• _About this task_:
Line by line, retype the whole listing exactly.

• _Data_:
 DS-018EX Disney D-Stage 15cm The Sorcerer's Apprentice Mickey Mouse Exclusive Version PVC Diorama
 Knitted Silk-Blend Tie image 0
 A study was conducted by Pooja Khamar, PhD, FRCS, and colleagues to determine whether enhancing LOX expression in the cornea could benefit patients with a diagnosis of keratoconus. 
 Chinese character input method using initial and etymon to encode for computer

• _Answer space_:
 DS-018EX Disney D-Stage 15cm The Sorcerer's Apprentice Mickey Mouse Exclusive Version PVC Diorama
 Knitted Silk-Blend Tie image 0
 A study was conducted by Pooja Khamar, PhD, FRCS, and colleagues to determine whether enhancing LOX expression in the cornea could benefit patients with a diagnosis of keratoconus. 
 Chinese character input method using initial and etymon to encode for computer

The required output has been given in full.